Tonight the San Francisco Giants won the World Series.
And now I am listening to a website that is playing the San Francisco police scanner as ‘riots’ occur.
I put quotations around ‘riots’ because I am not in them. I do not know.
But wait, I am in the internet age. I kind of know. With twitpics and YouTube and even a freaking website put together so I can listen to the police scanner live!
When I checked Twitter and saw that #SFriot was a trending topic, I (as an SF resident who was not knowingly rioting) did the first thing that I believe a majority of our population would do. I turned on the TV. And I flipped through the local channels looking for news. But it was all drab late-night talk show hosts making their drab jokes for a tired audience. So I took 3 paces to my computer. And it was almost like living through it all. Live video of flying beer bottles and cops in a line and Skechers signs doing nothing. Slowly striding ‘rioters’ possibly looting a store. If so, it was kind of a classic-zombie paced loot.

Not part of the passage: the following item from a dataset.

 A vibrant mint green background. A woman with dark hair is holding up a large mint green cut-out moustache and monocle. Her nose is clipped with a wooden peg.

Of course, I had already been in it. The Giants won while I was at work. So on my walk home, I got to see the strangers high five on the streets and listen to the jilting horns and the screaming voices. Oh yeah, and I did get to avoid the graceful arc of that thrown beer bottle. (You are no Tim Lincecum, sir.)

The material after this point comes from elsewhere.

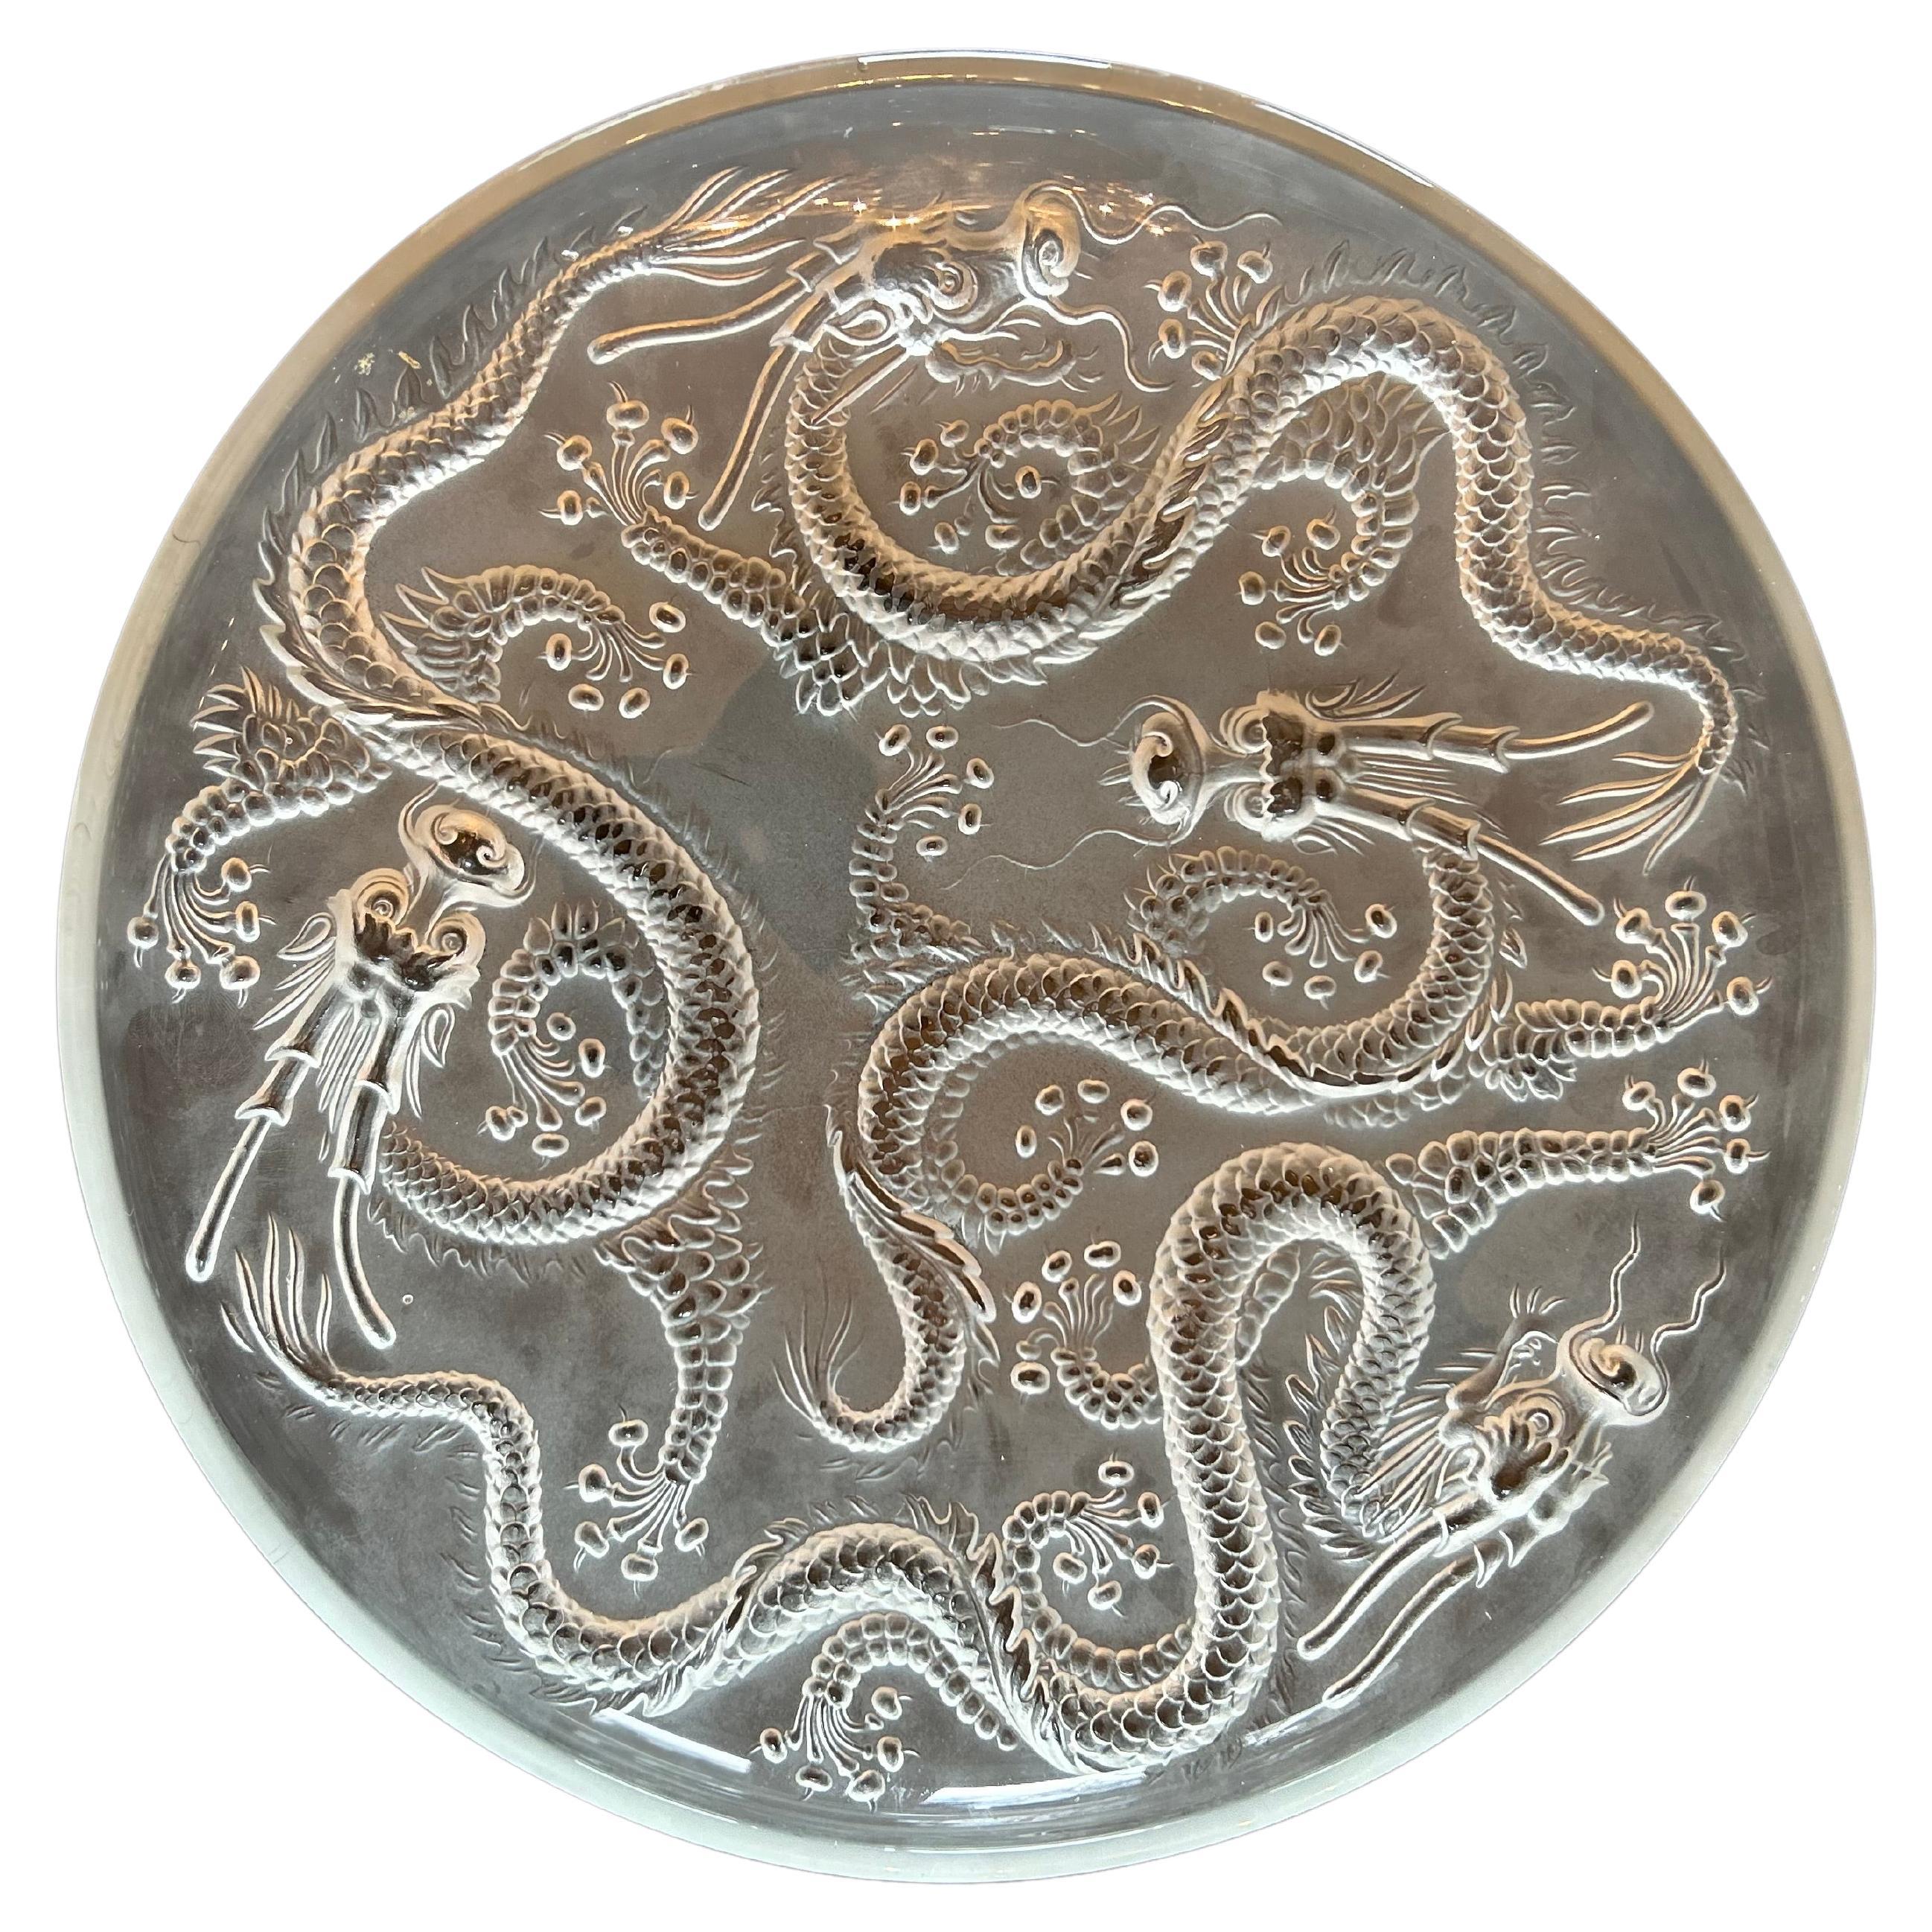 Large Frosted Glass Bowl With Dragons by Josef Inwald for Barolac, 1930

For everyone outside of the City, I am sure it looks horrid and disgusting and embarrassing. I know there was that racist fuck on Twitter who was using this moment to talk shit about illegal immigrants (from his farm in Montana, I am pretty positive). While I may not always agree with (read as respect) those in uniform, it is a really crappy night for them. And I apologize.
But there was a moment…
I haven’t really cared about baseball since I was a wee tyke. By nature, I still hate the Yankees. So long as they lose, I don’t care about much else in the MLB.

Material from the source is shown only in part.